■ **Work order**
The answer is the line with "Apparatus for autonomic" and every line after it to the end of the listing, retyped exactly. Pictures do not belong in it.
*** Opening of Source data ***
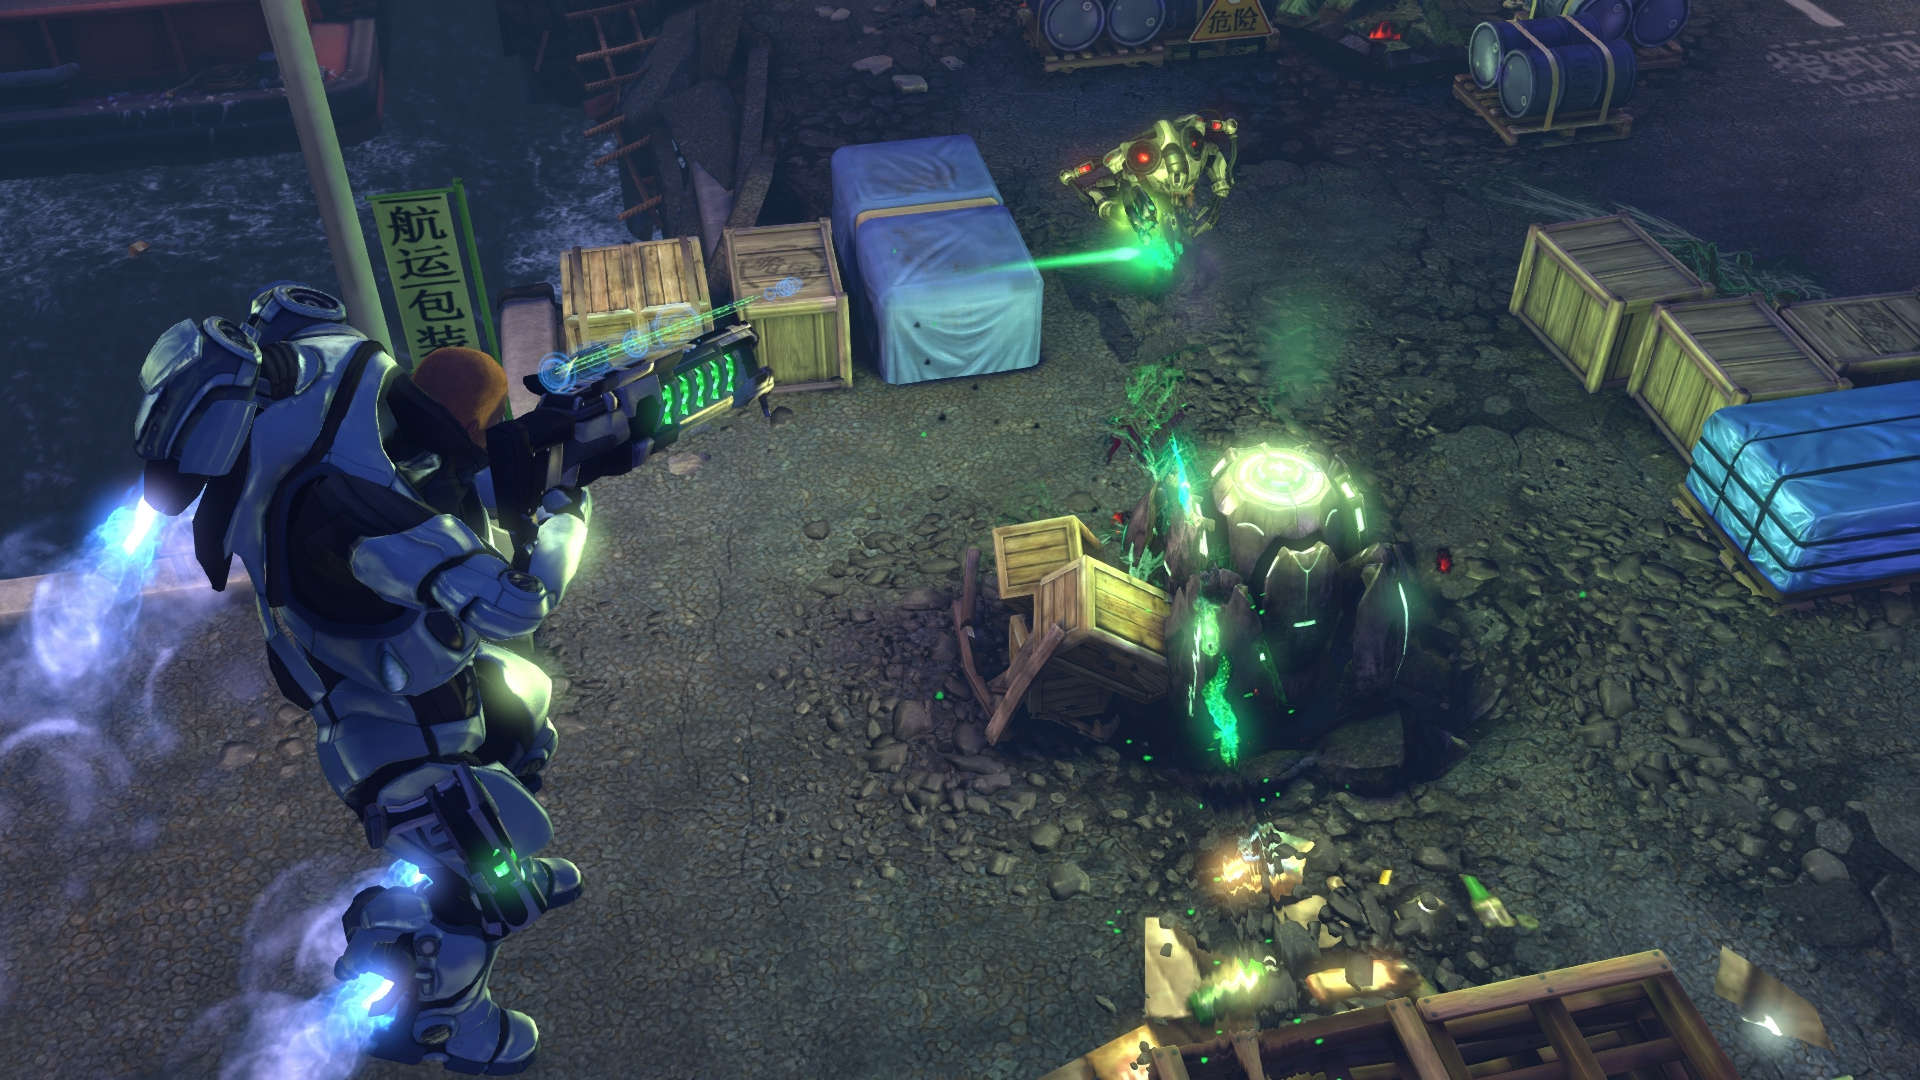 Amazing XCOM: Enemy Unknown Pictures & Backgrounds
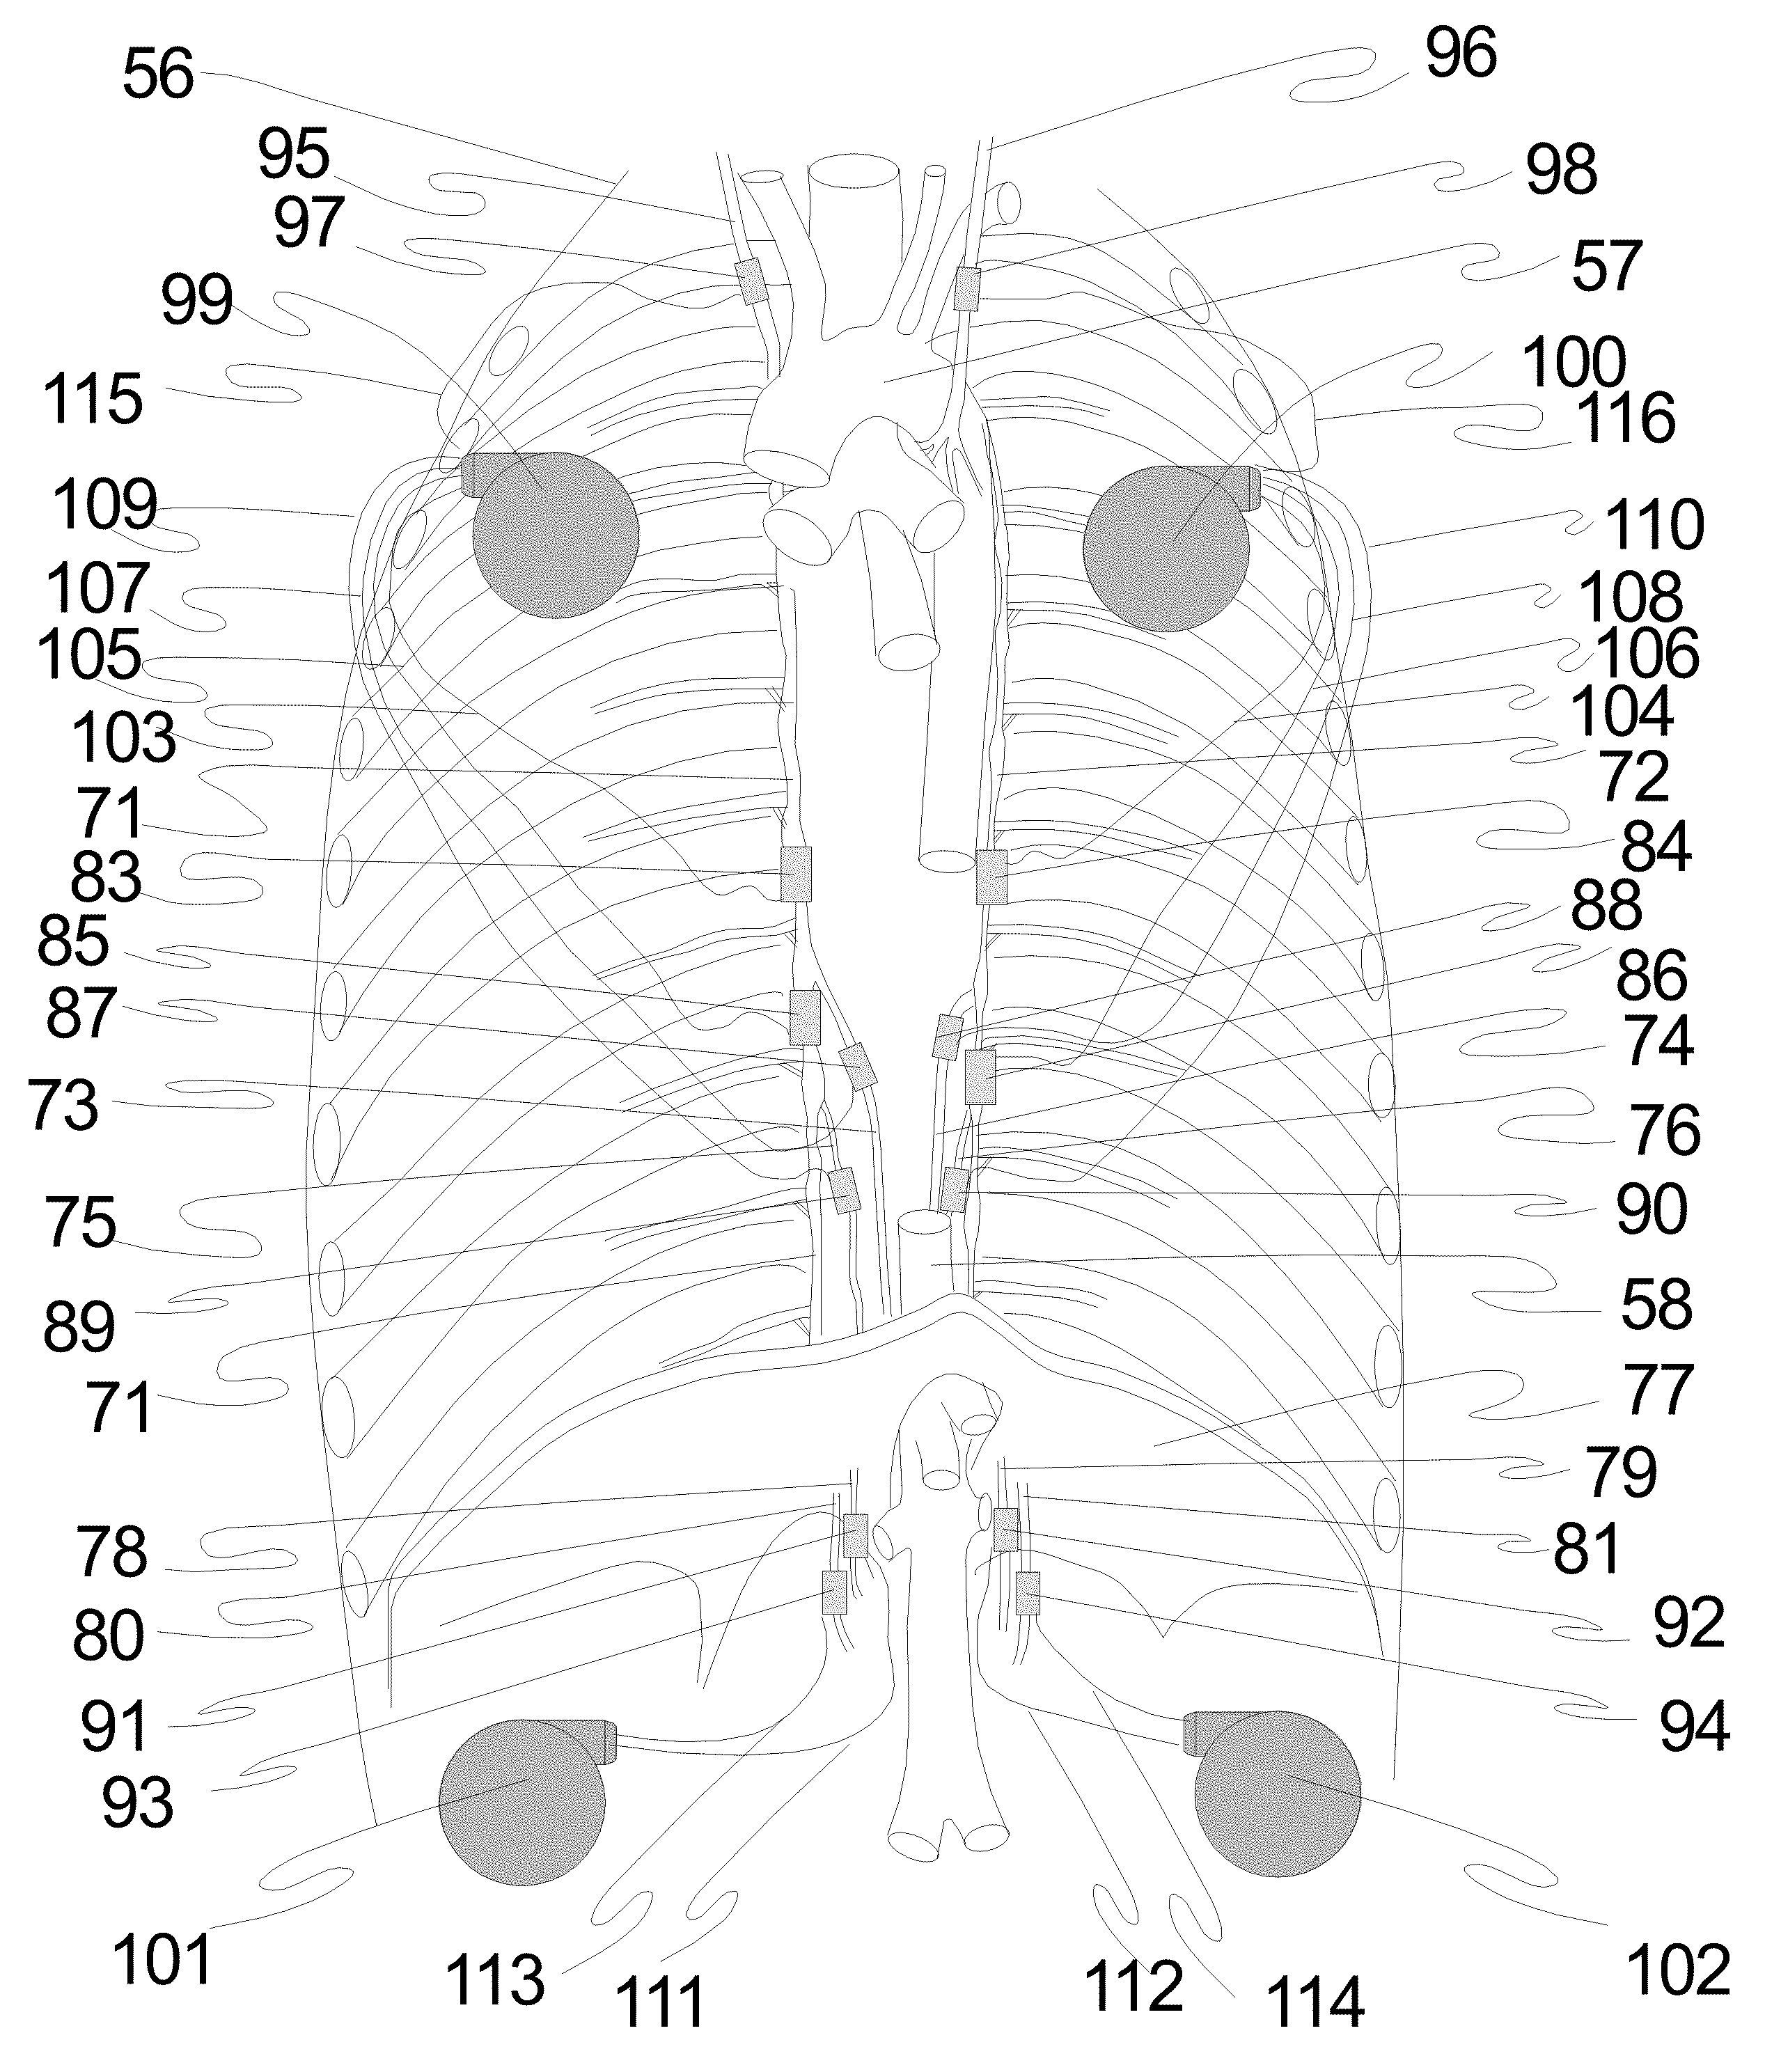 Apparatus for autonomic neuromodulation for the treatment of systemic disease
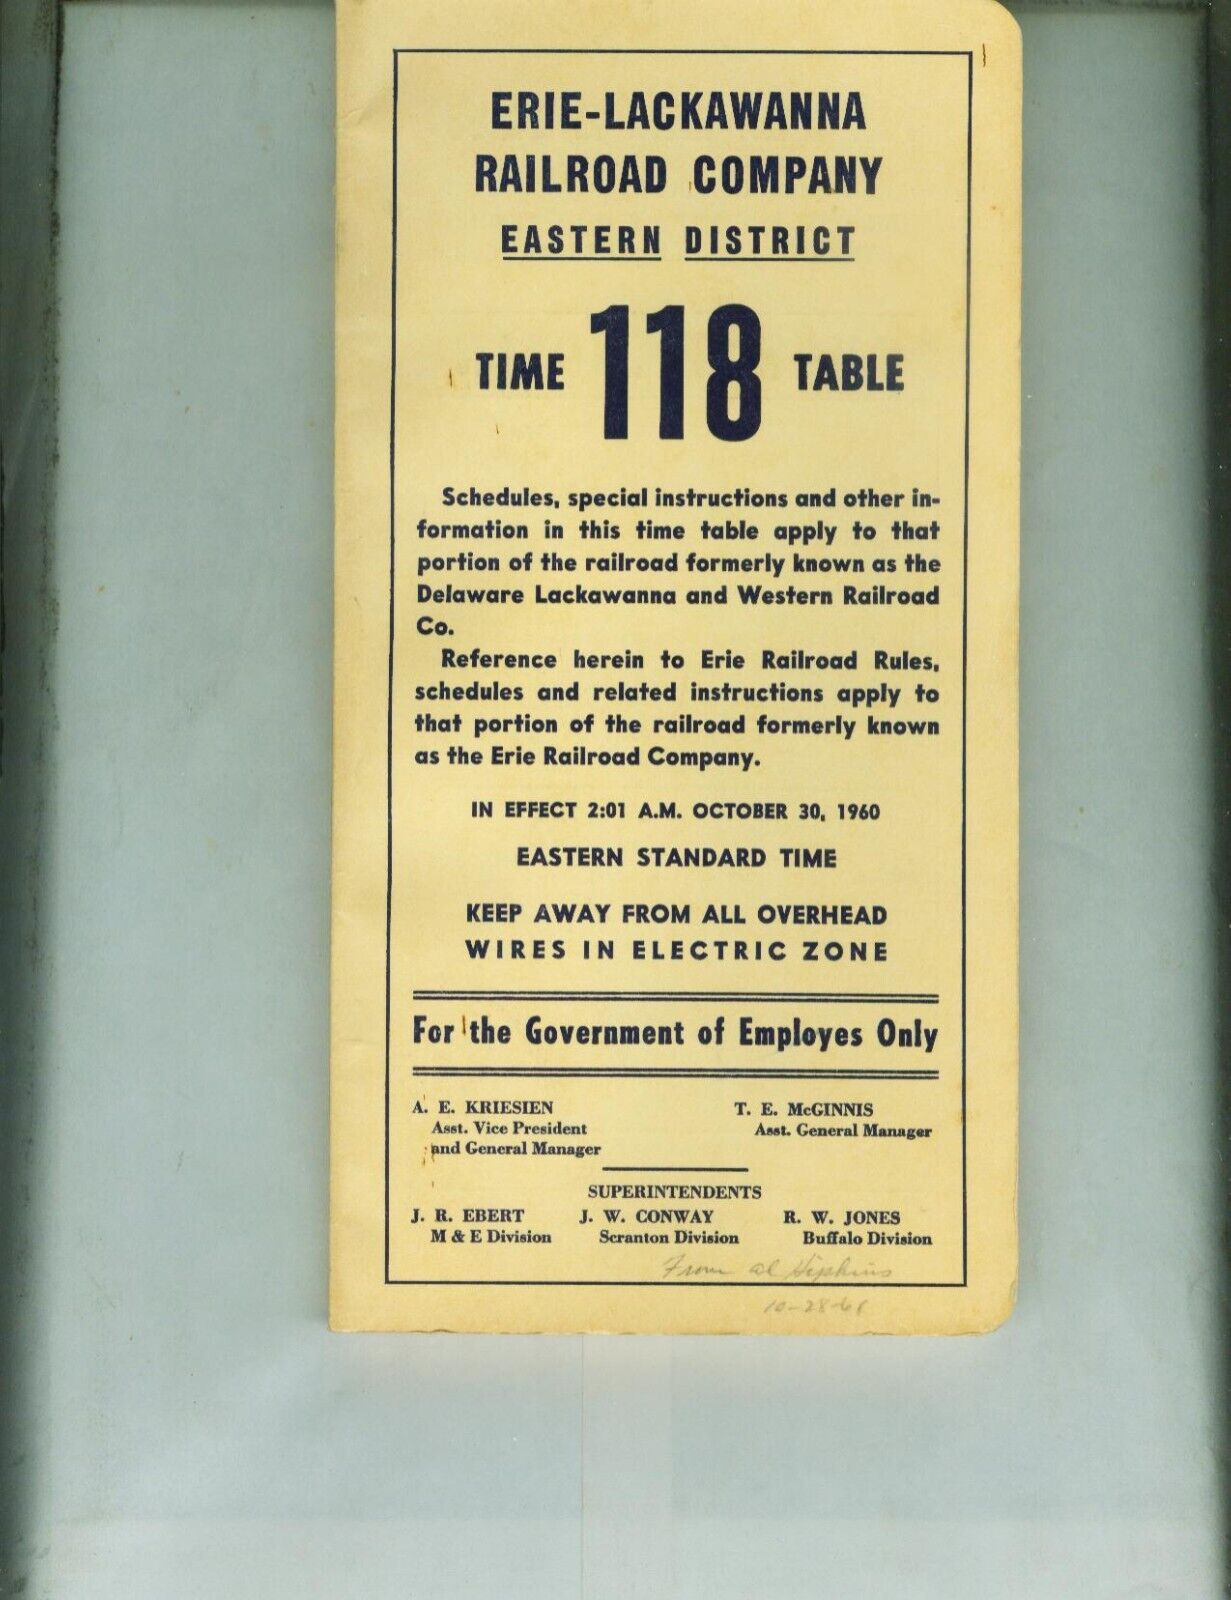 ERIE-LACKAWANNA R.R. ETT TIMETABLE EASTERN DISTRICT #118  10-30-1960  212 PAGES.
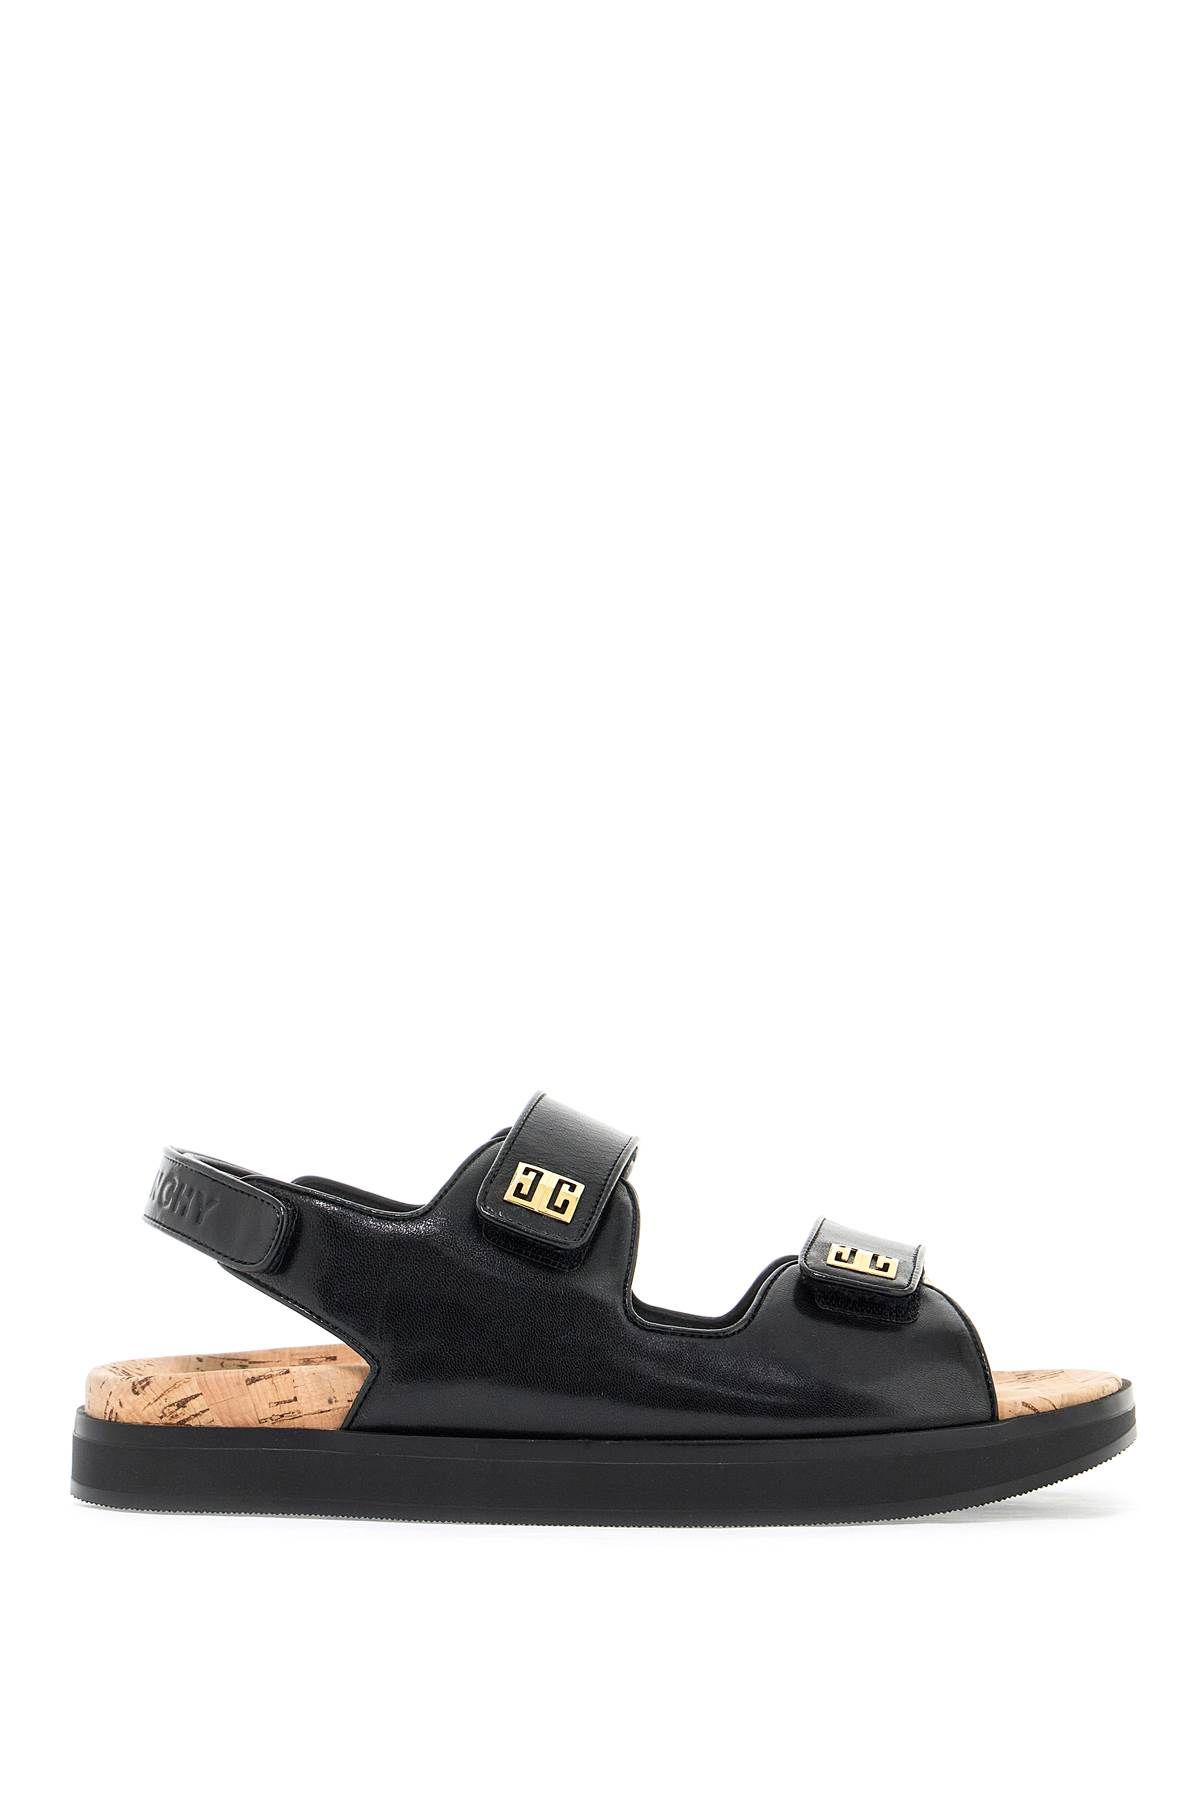 Givenchy GIVENCHY leather 4g sandals
*** Close of Source data ***
■ **Task solution**
 Apparatus for autonomic neuromodulation for the treatment of systemic disease
 ERIE-LACKAWANNA R.R. ETT TIMETABLE EASTERN DISTRICT #118  10-30-1960  212 PAGES.
 Givenchy GIVENCHY leather 4g sandals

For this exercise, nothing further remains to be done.